_What you should do_. The whole listing should come back exactly as written, except for the pictures.

_Stored data_.
════════
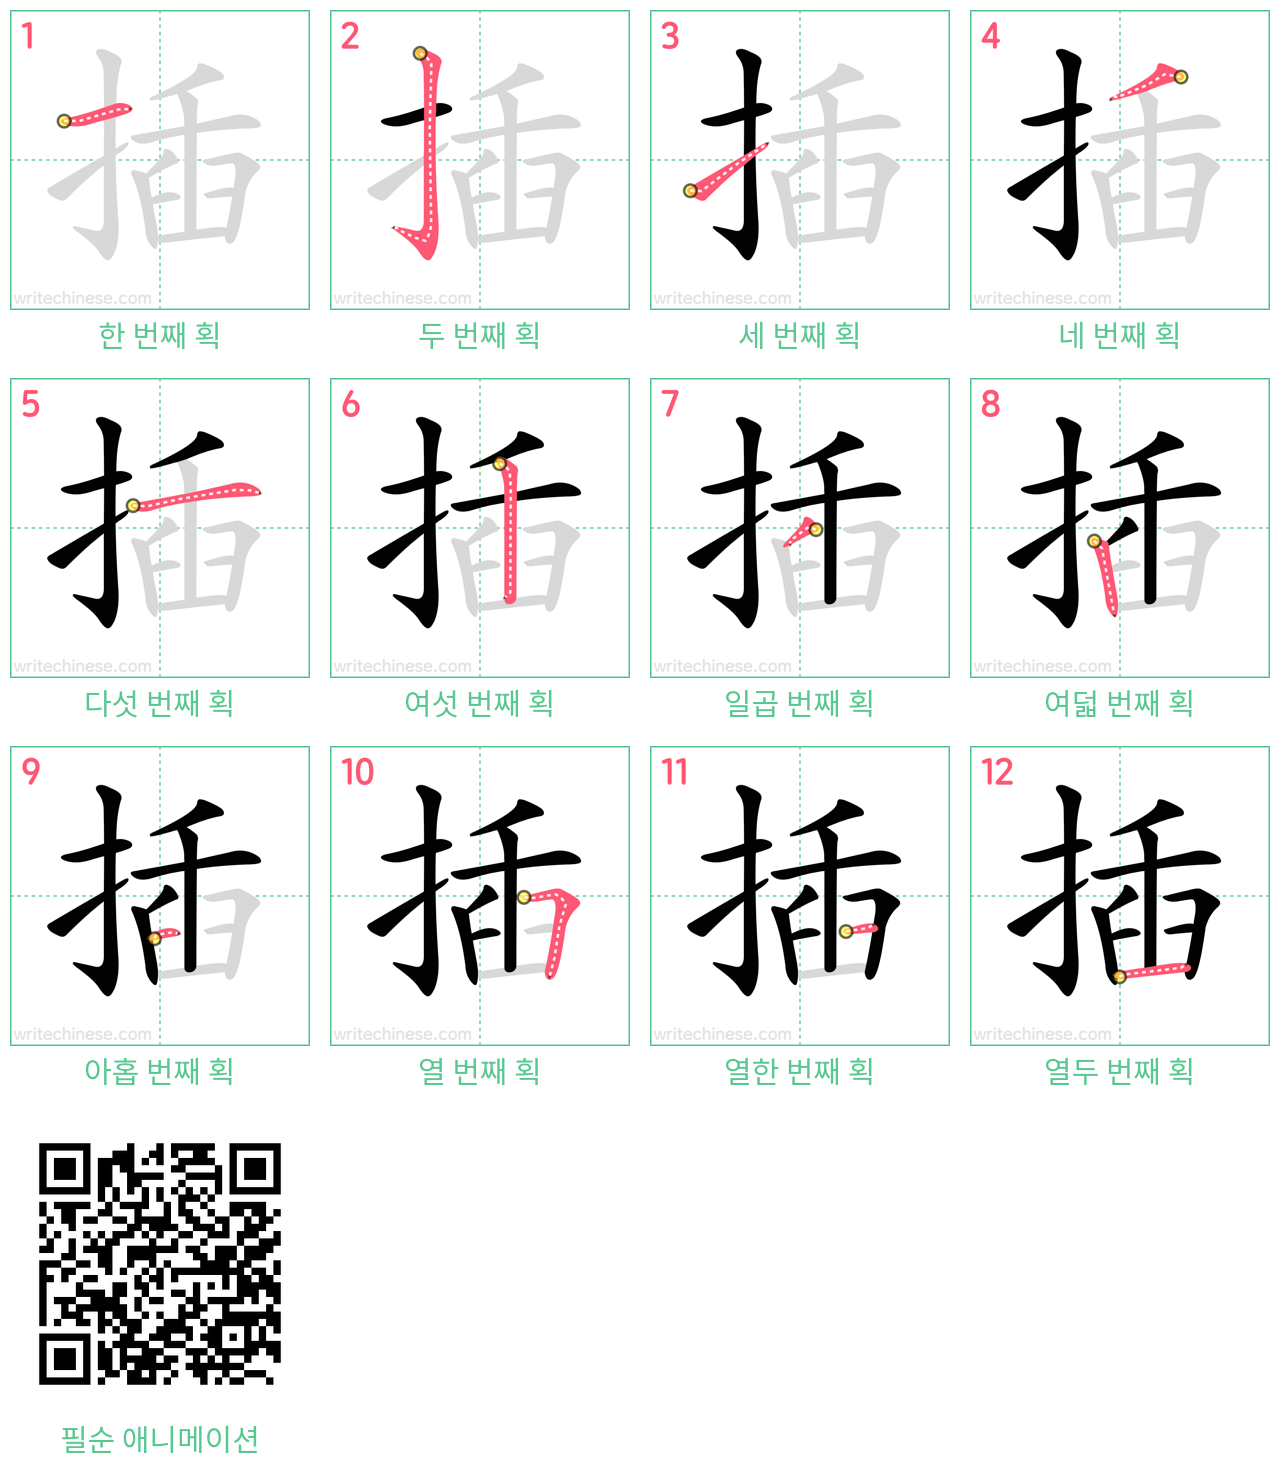 插 step-by-step stroke order diagrams
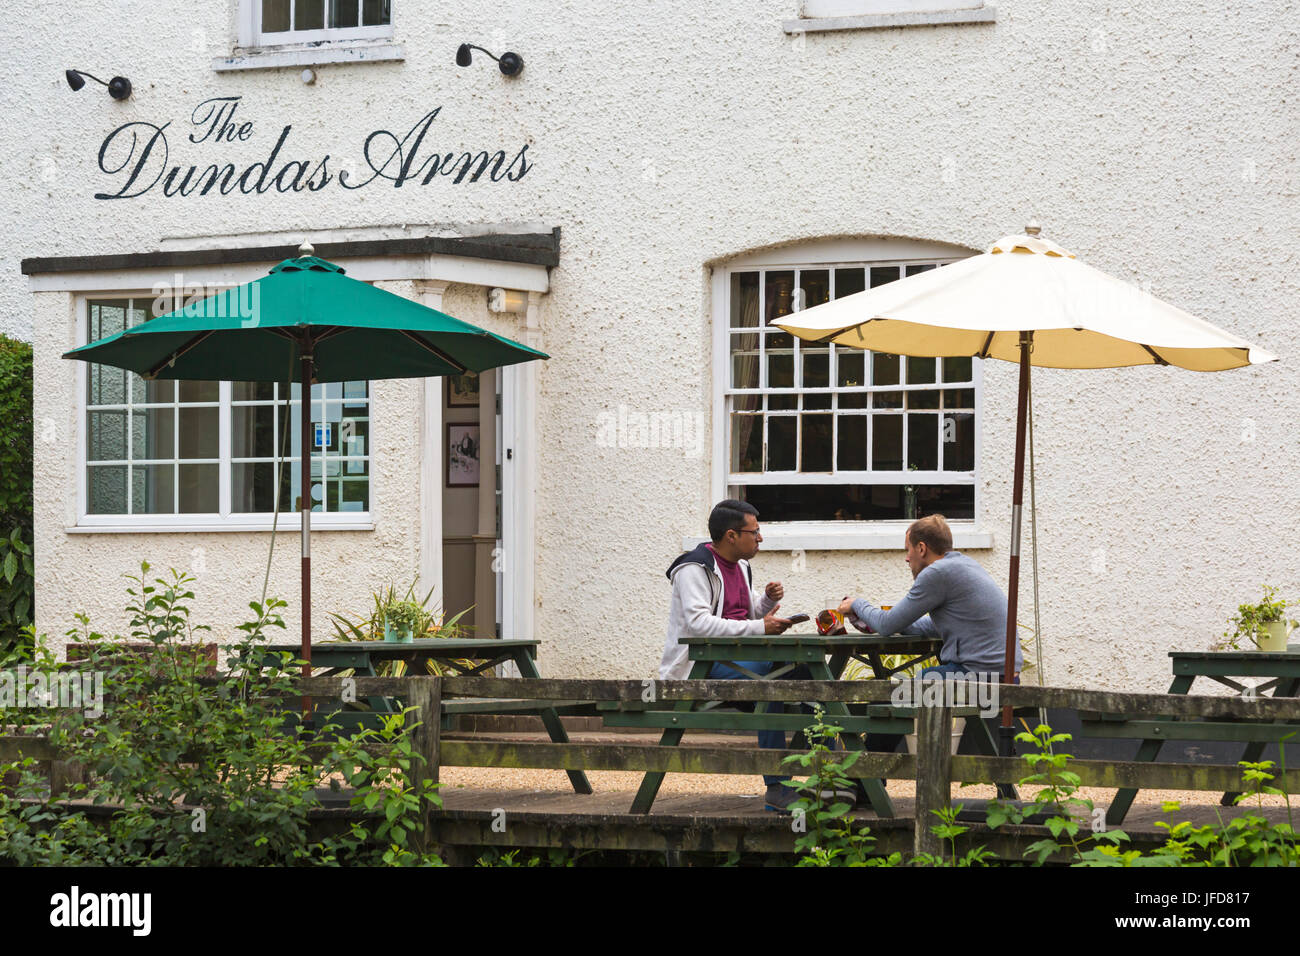 Zwei junge Männer, die im Juni vor dem Dundas Arms Pub in Kintbury, West Berkshire, Großbritannien, etwas zu essen und zu trinken haben Stockfoto
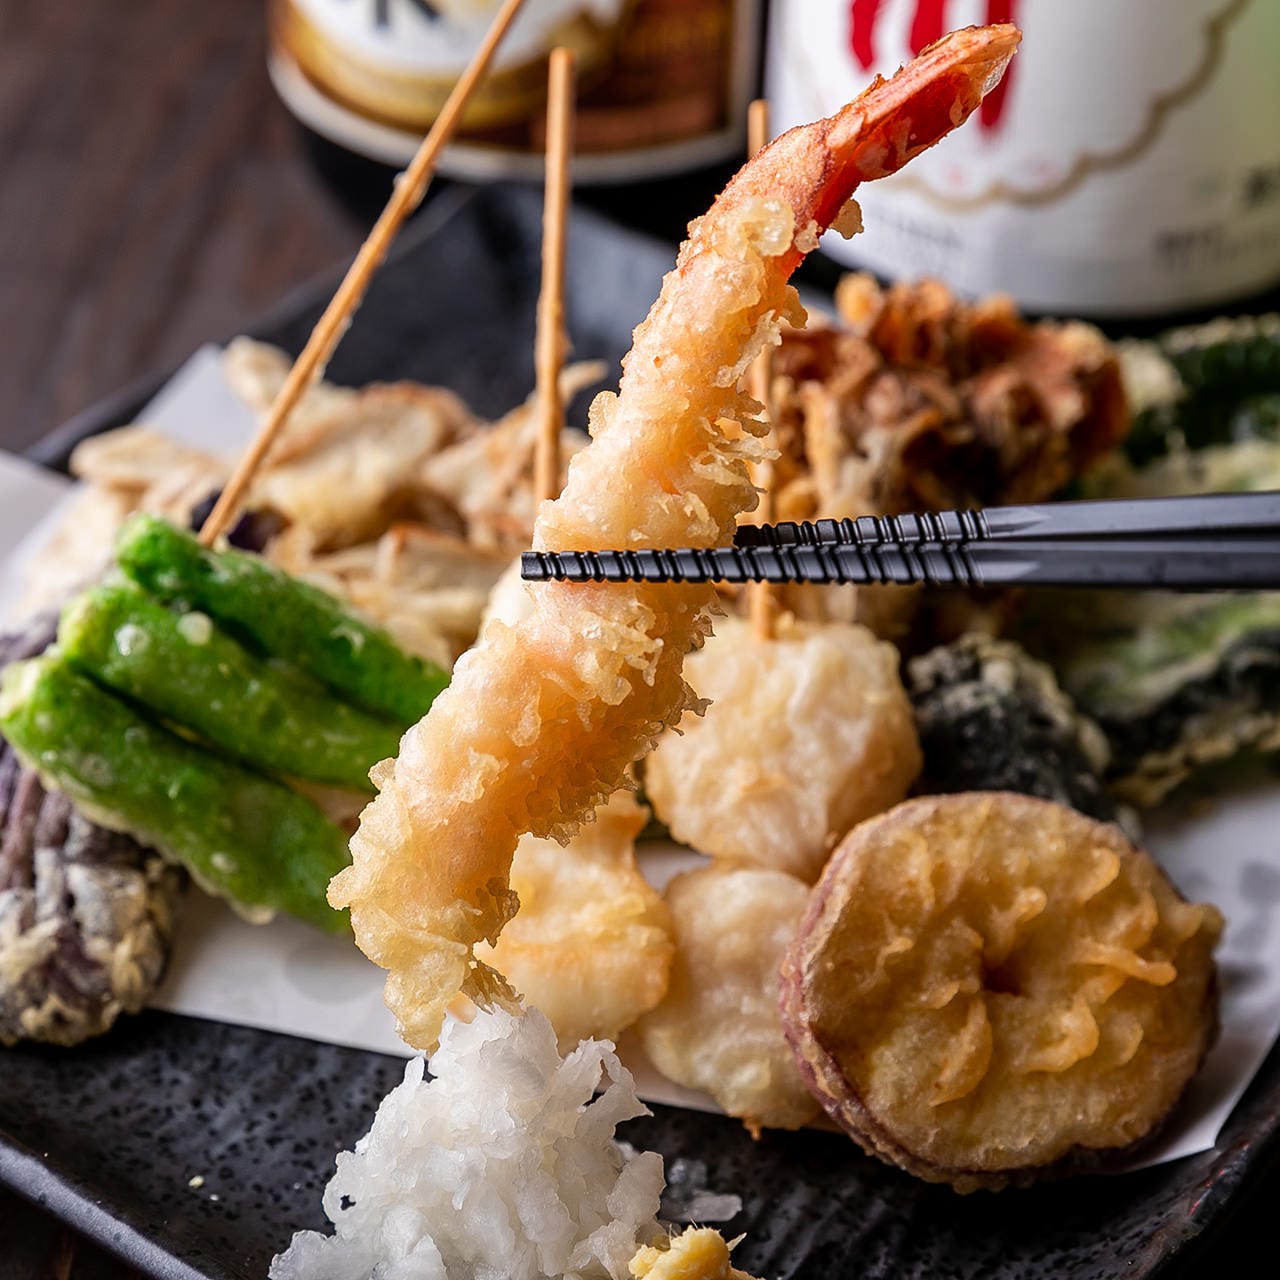 サクッとした歯ごたえと素材の旨味が楽しめる名物「天ぷら」
════════
_Written solution_.
 插 step-by-step stroke order diagrams
 Zwei junge Männer, die im Juni vor dem Dundas Arms Pub in Kintbury, West Berkshire, Großbritannien, etwas zu essen und zu trinken haben Stockfoto
 サクッとした歯ごたえと素材の旨味が楽しめる名物「天ぷら」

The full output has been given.